[comp.ai.philosophy] the role of reason

ld231782@longs.LANCE.ColoState.EDU (Lawrence Detweiler) (10/14/90)

loren@tristan.llnl.gov (Loren Petrich) in <69347@lll-winken.LLNL.GOV>:

>I wonder how much of our reasoning
>works by what might best be called "fuzzy logic" -- a logic in which
>predicates can not only have the values "true" or "false", but any
>value in between.

None of it, in my view, in the sense that probability will always be
only an approximation of reality.  Why use a model when you can have the
real thing?  In other words, instead of simulation, let's seek duplication.

What do we need to duplicate?  I maintain that thought is an emergent
property of a dynamic, chaotic system.  When you see it in the sea you
call it waves.  Where is the comforting order of "knowledge", "logic",
"reason", and "procedure" (etc. ad infinitum ad nauseum) in the
tumultuous stew of activity ripples in intertwined neurons?  Literally,
in our imagination.  These words are our feeble attempts to characterize
a dynamic system with static ideas.  We need new concepts, descriptions,
and models not for "fuzzyness" but for slippery chaos.  Neural networks
are more than simply a "good bet"; researchers tend to agree that the
biological versions of intelligence are not the best successful
implementations to date--they are the ONLY ones!  Hence, some bias
toward any approach that mimics our raison d'etre is not mere vanity!

When I think of thinking, I think nothing of simplicity.  I think of the
brain, and then its 10^10 separate cells, each of which is directly
connected to 10^4 neighbors and indirectly to everyone in the system!  I
think how each one functions both independently and dependently at the
speed of flying molecules.  I think it would be rather ungrateful and
disloyal to the biology that carries my consciousness if I were to
characterize it as some ultimately simple system of "memories" and
"procedures" organized the way I find most pleasant and confirmatory of
my own arbitrary preconceptions.  It is as if I were to describe my best
friend as a computer!  Just because someone is my best friend, am I
qualified to categorize him?  Let him describe himself!
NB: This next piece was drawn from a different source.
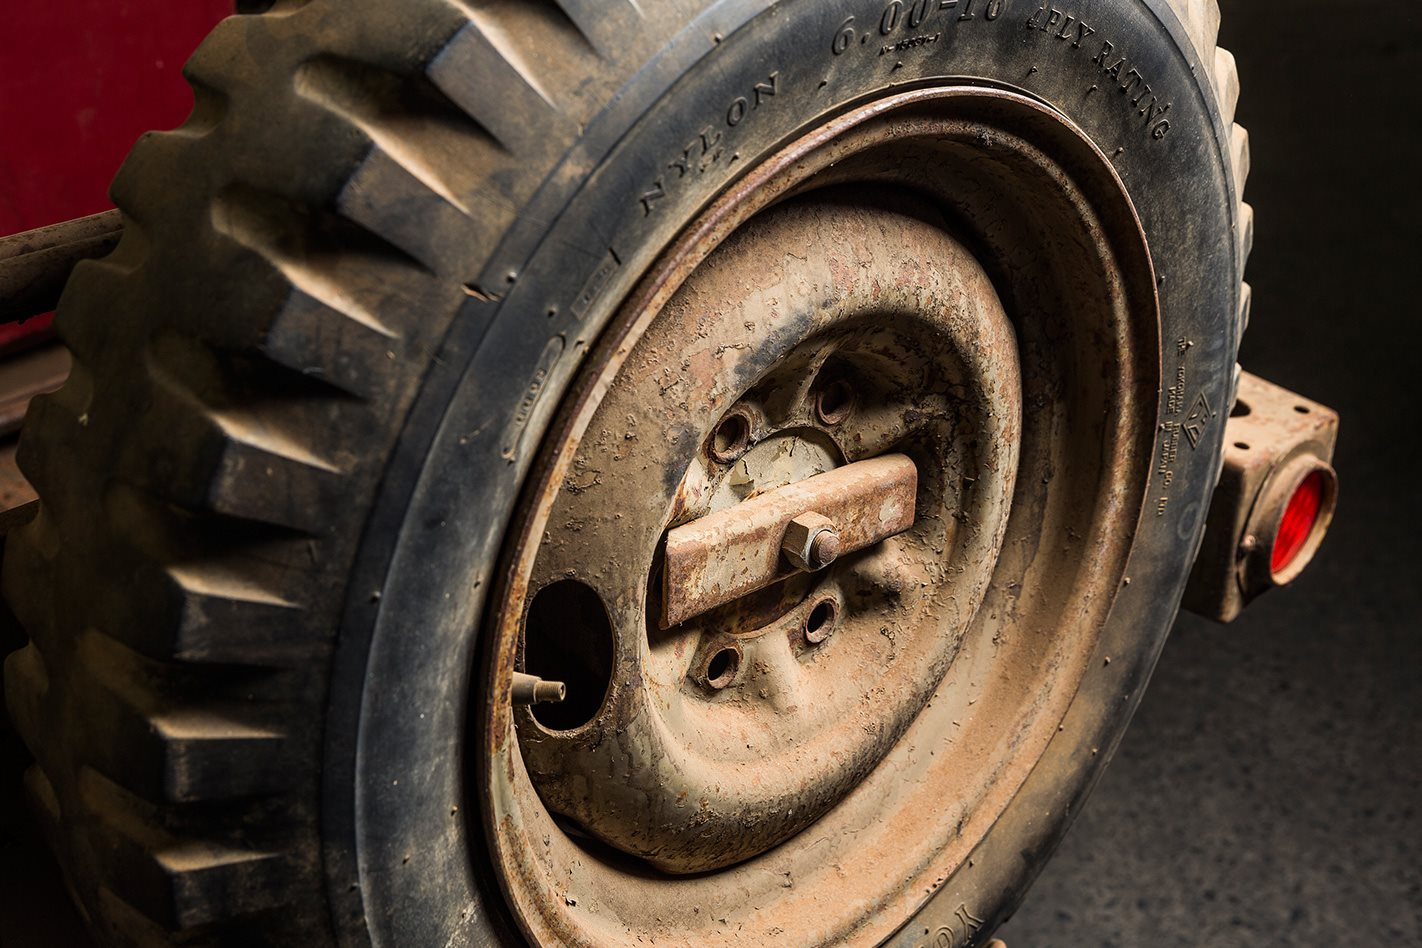 Toyota BJ FJ Land Cruiser evolution wheel

smoliar@vaxa.isi.edu (Stephen Smoliar) in <15238@venera.isi.edu>:

>To try to reduce the matter to the brink of
>over-simplification, thinking is what we do with our minds as we interact
>with the world around us.  It is not necessarily rational according to many
> (most?) existing standards of rationality in logic (and perhaps
>epistemology, as well).  Indeed, even if we give up the logical position and
>pursue the course of philosophers who simply wish to account for explanatory
>laws, we are still liable to be frustrated.  The fact is that there are
>plenty of things which we do with our minds which are downright irrational,
>and that it one of the things which makes us human.

I agree with this without all the qualifiers.  The way we interact with
the world around us is not rational according to any existing symbolic
standards of logic.  These are rigid, static approximations of an
inherently dynamic entity.  Our "irrationality"--if this is to be taken
as thoughts, and their accompanying actions, that deviate from precise
predictions--is exactly what makes us human.

minsky@media-lab.MEDIA.MIT.EDU (Marvin Minsky) in
<3593@media-lab.MEDIA.MIT.EDU> on learning & behavior:

>some of the job is done by NNs.  And some of the job is done
>by compactly-describable procedural specifications.  Where is the
>"traditional, symbolic, AI in the brain"?  The answer seems to have
>escaped almost everyone on both sides of this great and spurious
>controversy!  The 'traditional AI' lies in the genetic specifications
>of those functional interconnections: the bus layout of the relations
>between the low-level networks.  A large, perhaps messy software is
>there before your eyes, hiding in the gross anatomy.

This appears to be a case of a hammerer seeing visions of nails. 
Personally, I see only wetware...and neural networks.